* **WORK REQUIRED**: Every line of the listing is returned unchanged, and every picture is dropped.

* **DATA SHOWN**:
----------
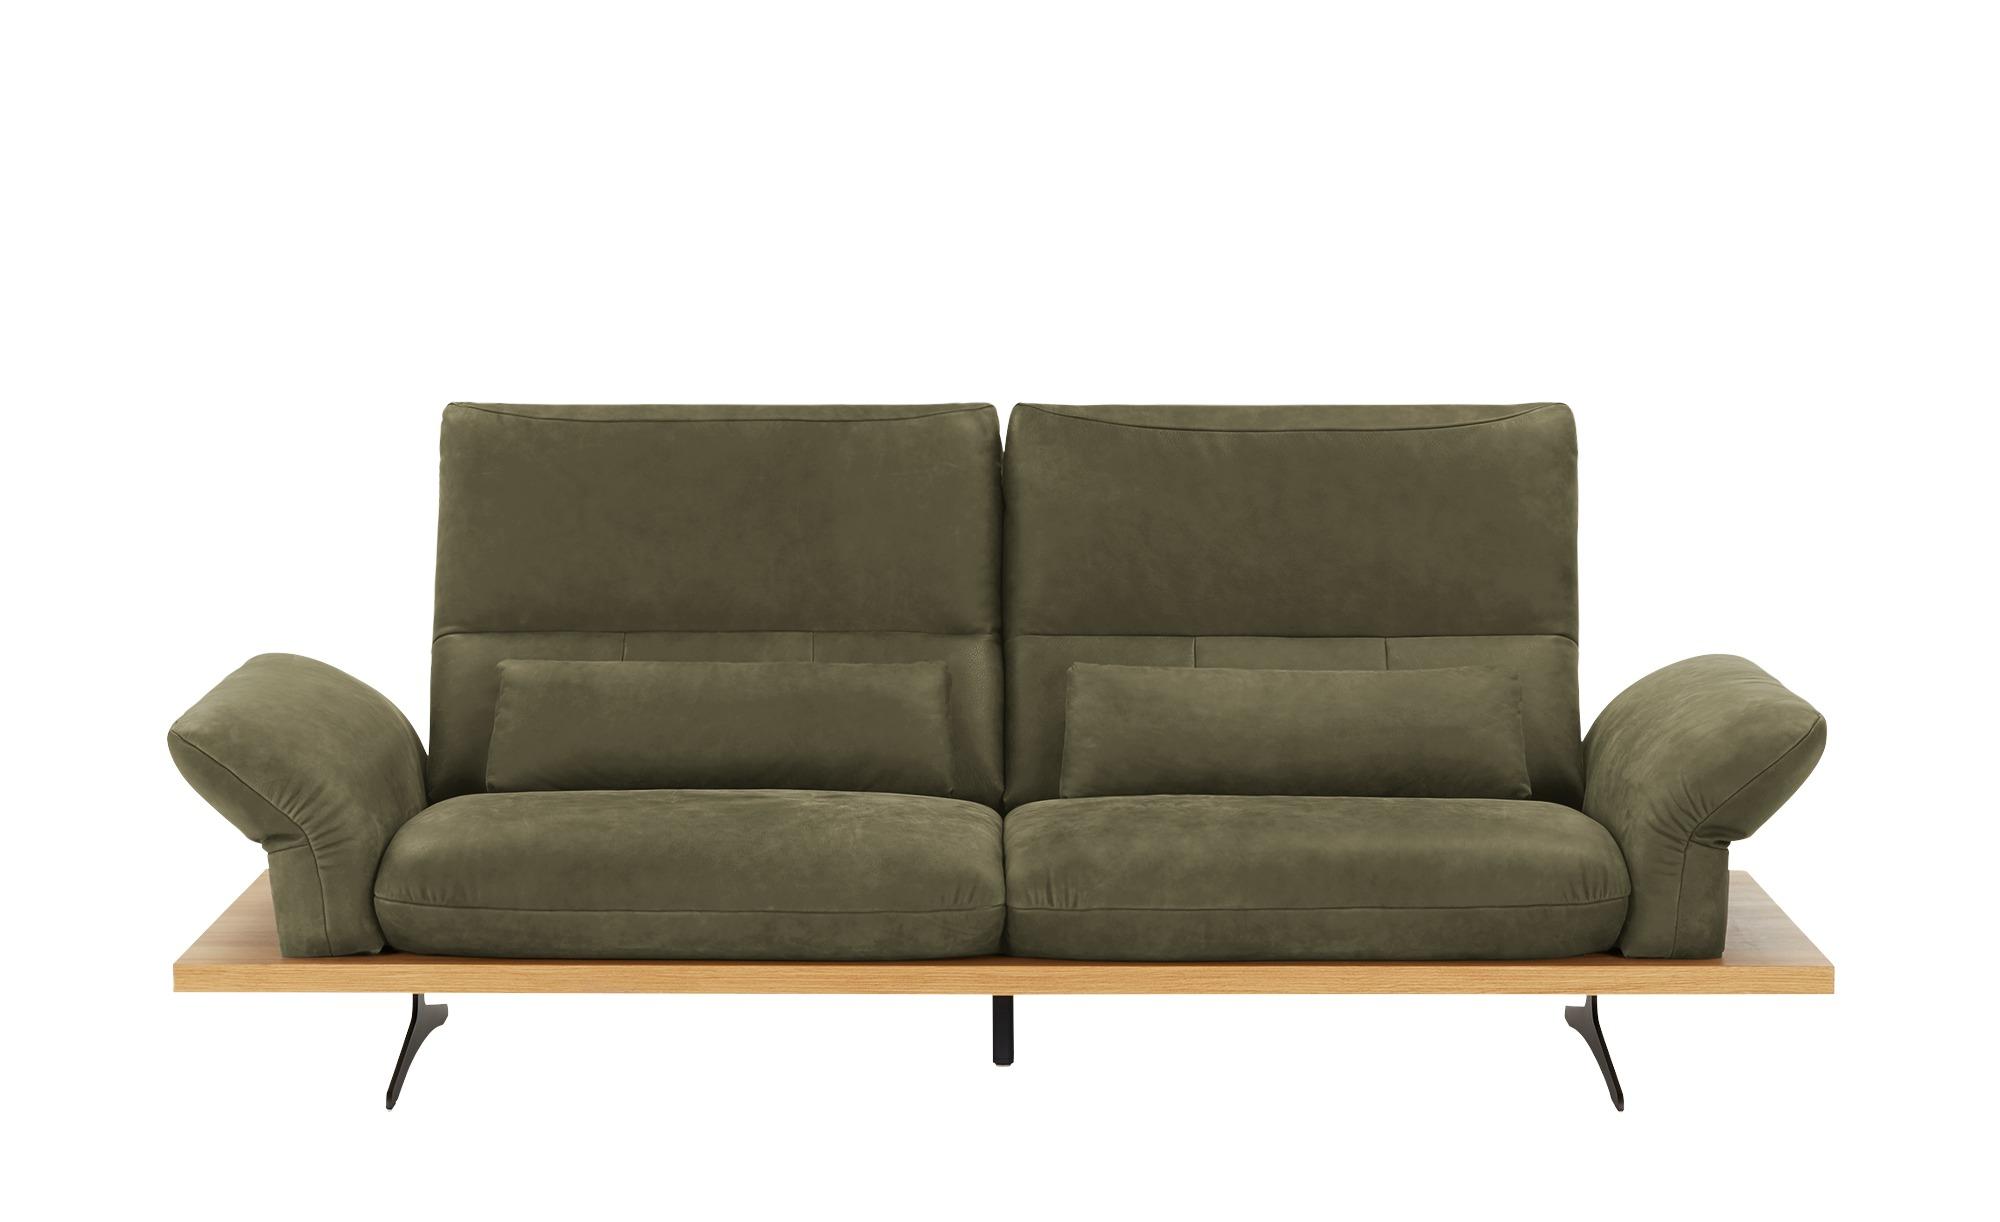 W.SCHILLIG Leder Sofa  Imperia ¦ grün ¦ Maße (cm): B: 220 H: 71 T: 99 Polstermöbel > Sofas > Einzelsofas - Höffner
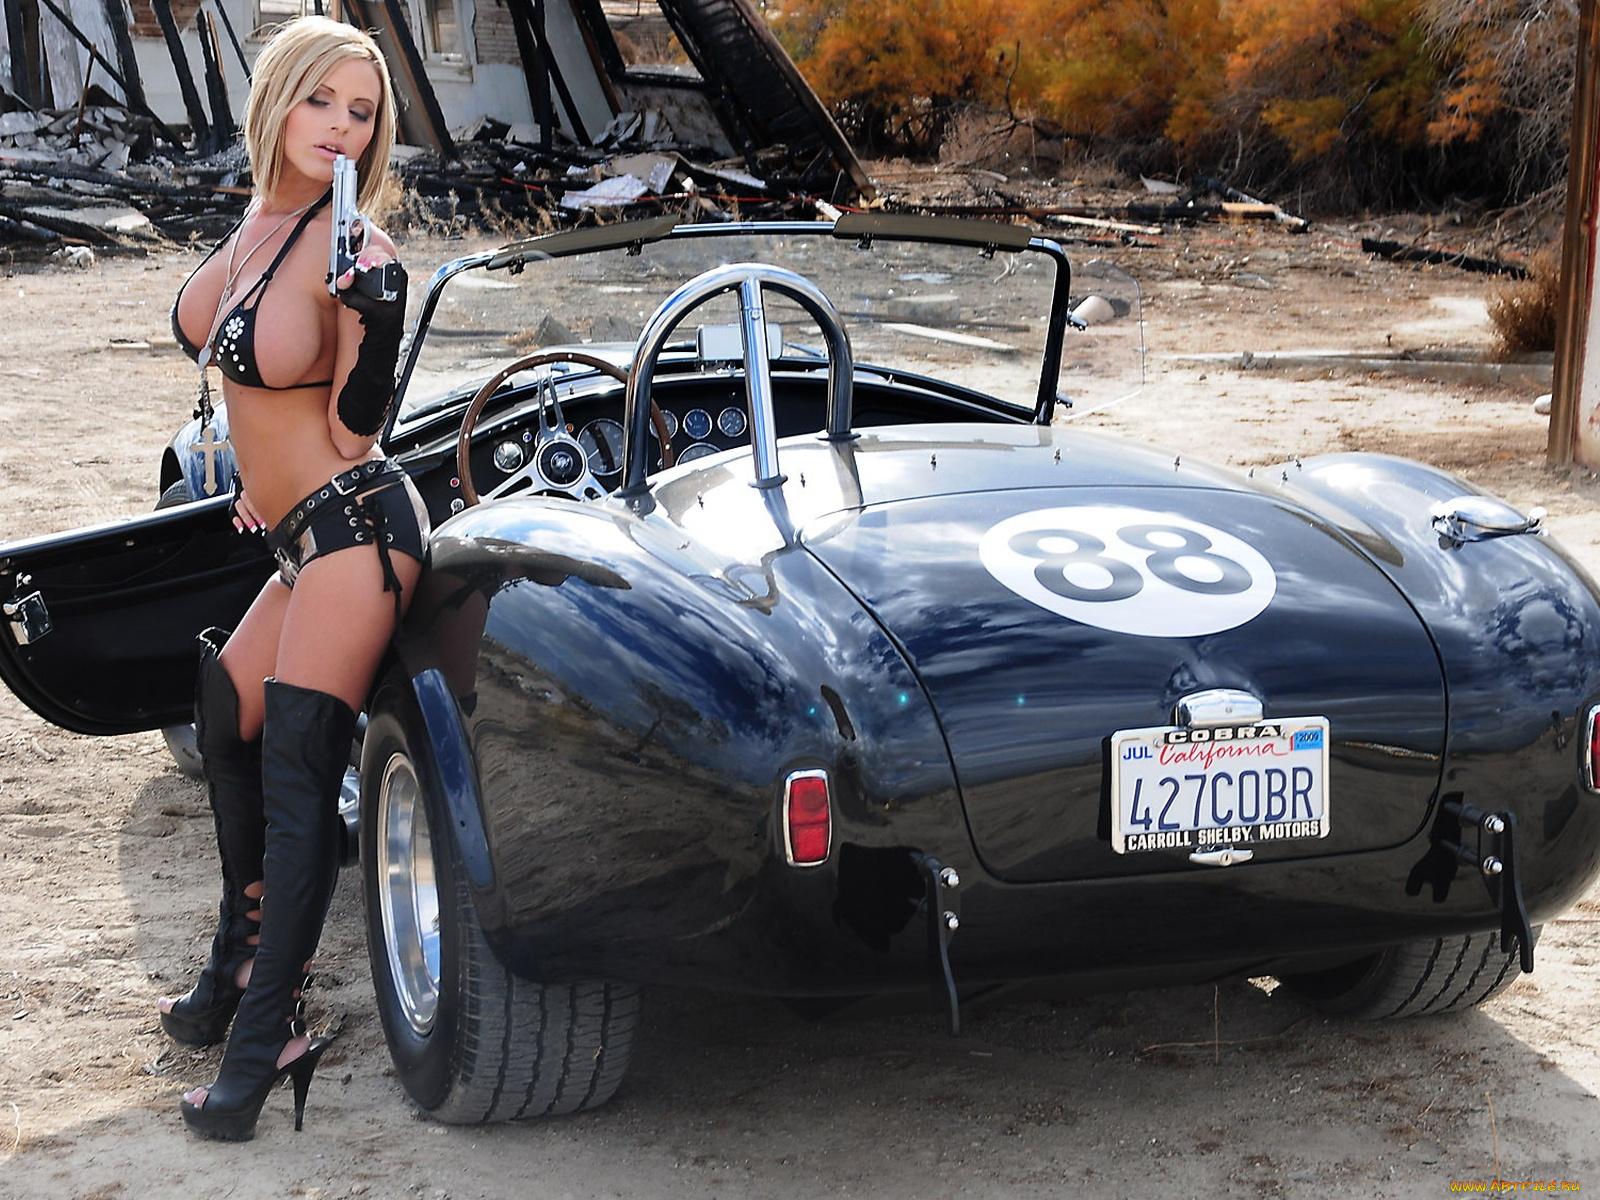 Грудастая девка возле машины, порно картинки сисек и пизды
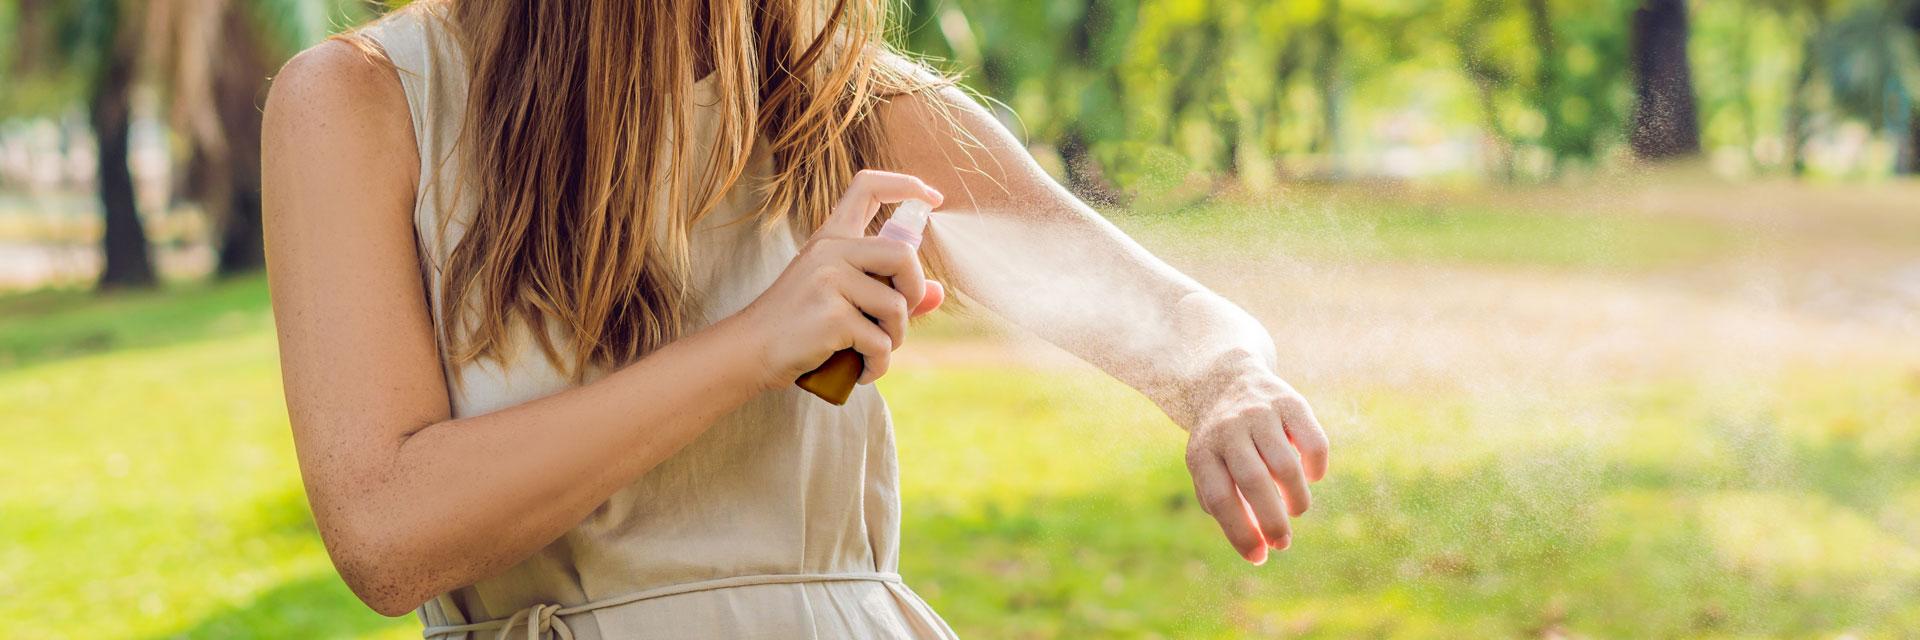 DIY Essential Oil Bug Repellent Spray
----------
* **ANSWER TO THIS PROBLEM**:
 W.SCHILLIG Leder Sofa  Imperia ¦ grün ¦ Maße (cm): B: 220 H: 71 T: 99 Polstermöbel > Sofas > Einzelsofas - Höffner
 Грудастая девка возле машины, порно картинки сисек и пизды
 DIY Essential Oil Bug Repellent Spray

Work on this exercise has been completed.